■ **Problem to solve**:
Your task is to transcribe exactly, and only, the lines running from the one with "Receive Money from UK to Nigeria" to the end of the listing below, inclusive, with every picture left out.
── Raw data
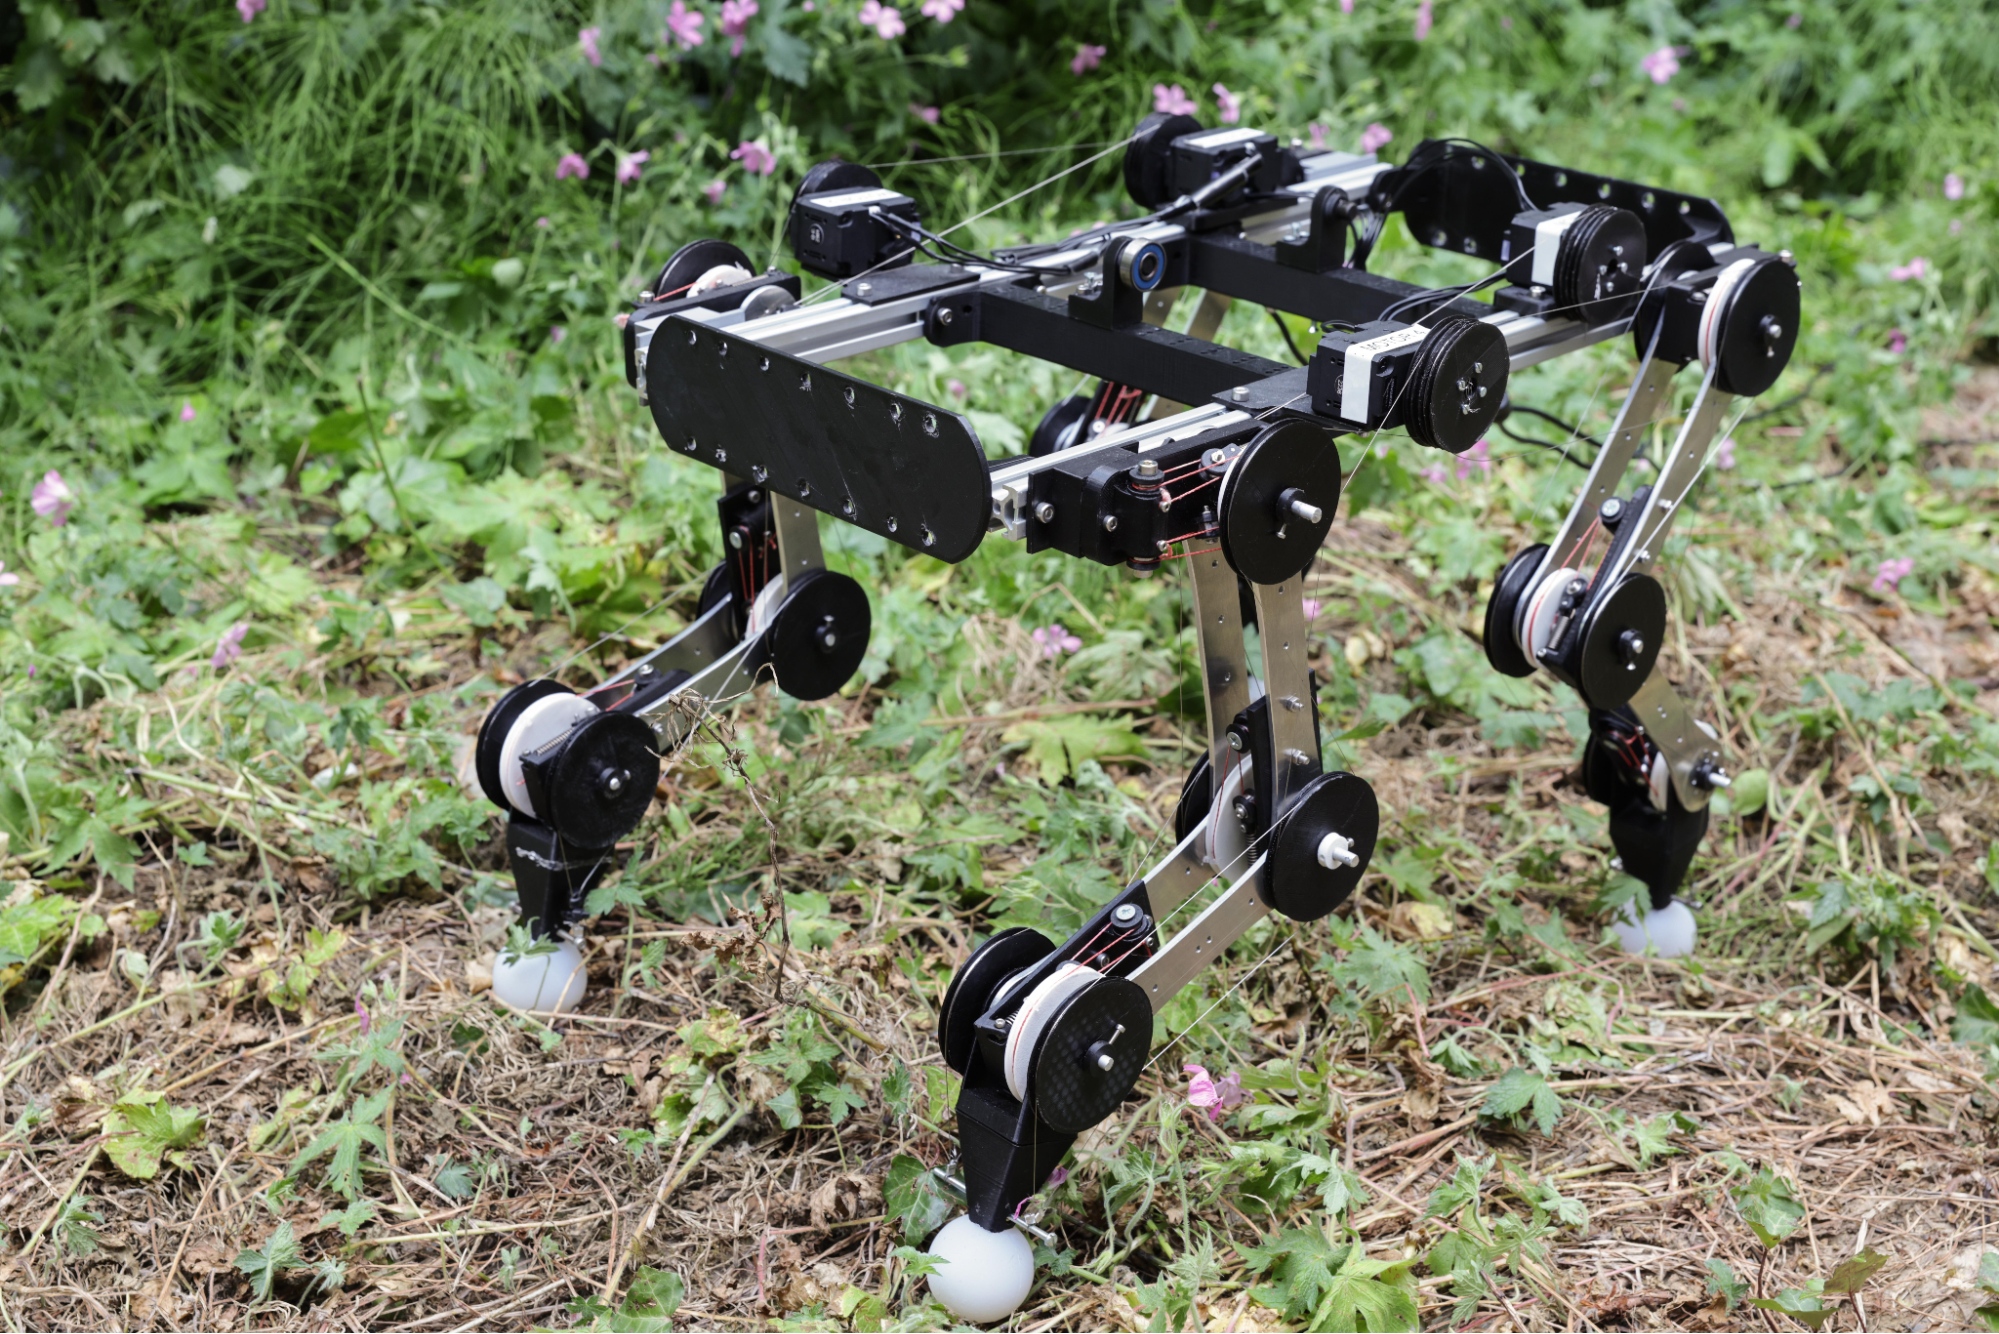 3D Printing Helps Create Motor-Free Robot Dog
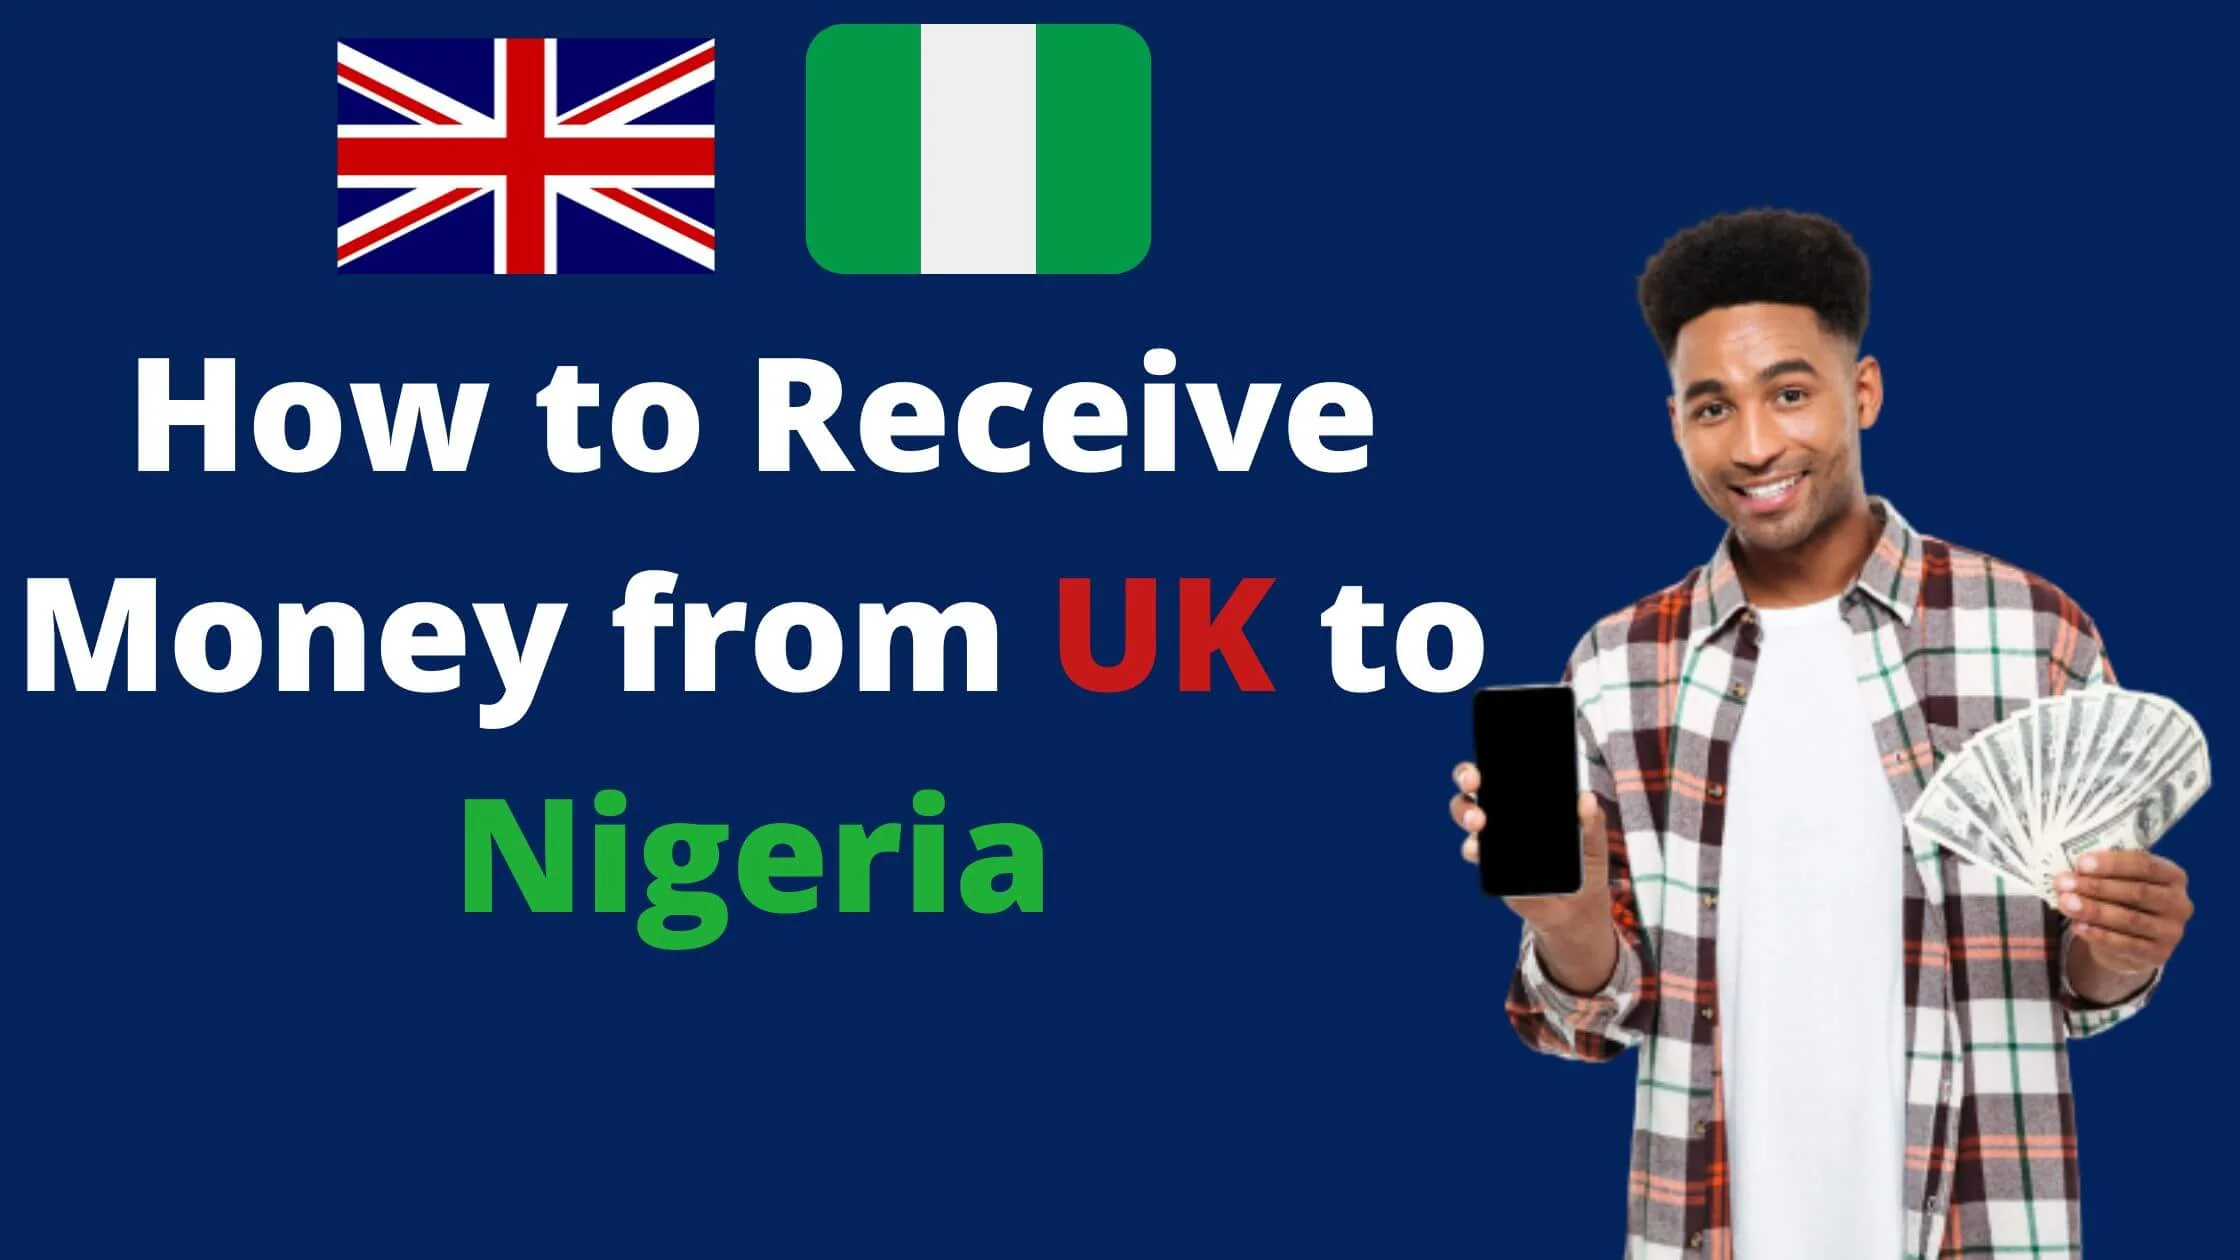 Receive Money from UK to Nigeria
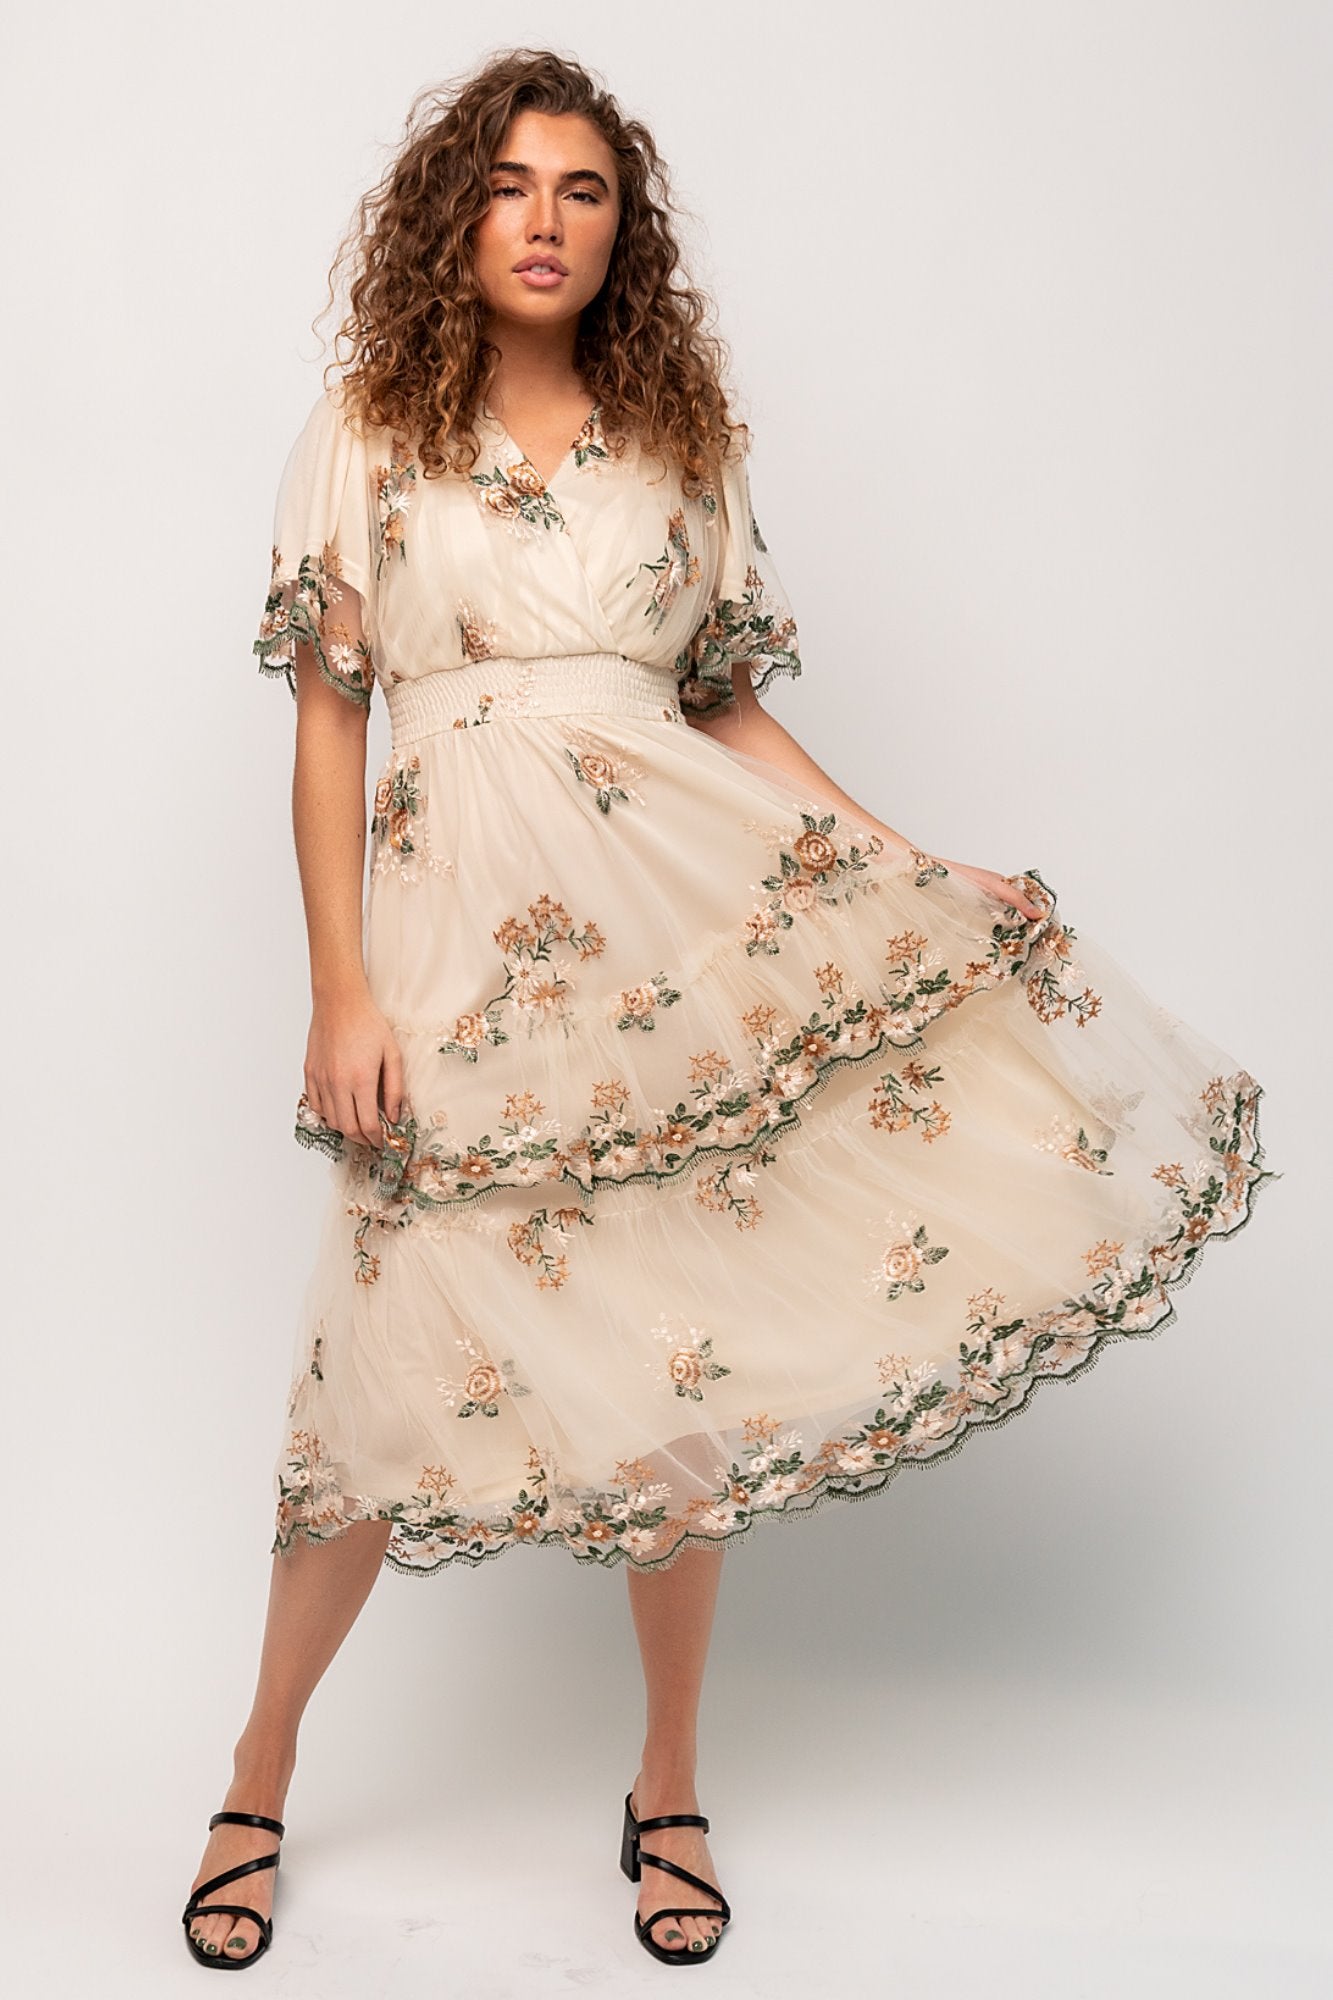 Emmeline Dress Apparel & Accessories Holley Girl
────
■ **Answer to this problem**:
 Receive Money from UK to Nigeria
 Emmeline Dress Apparel & Accessories Holley Girl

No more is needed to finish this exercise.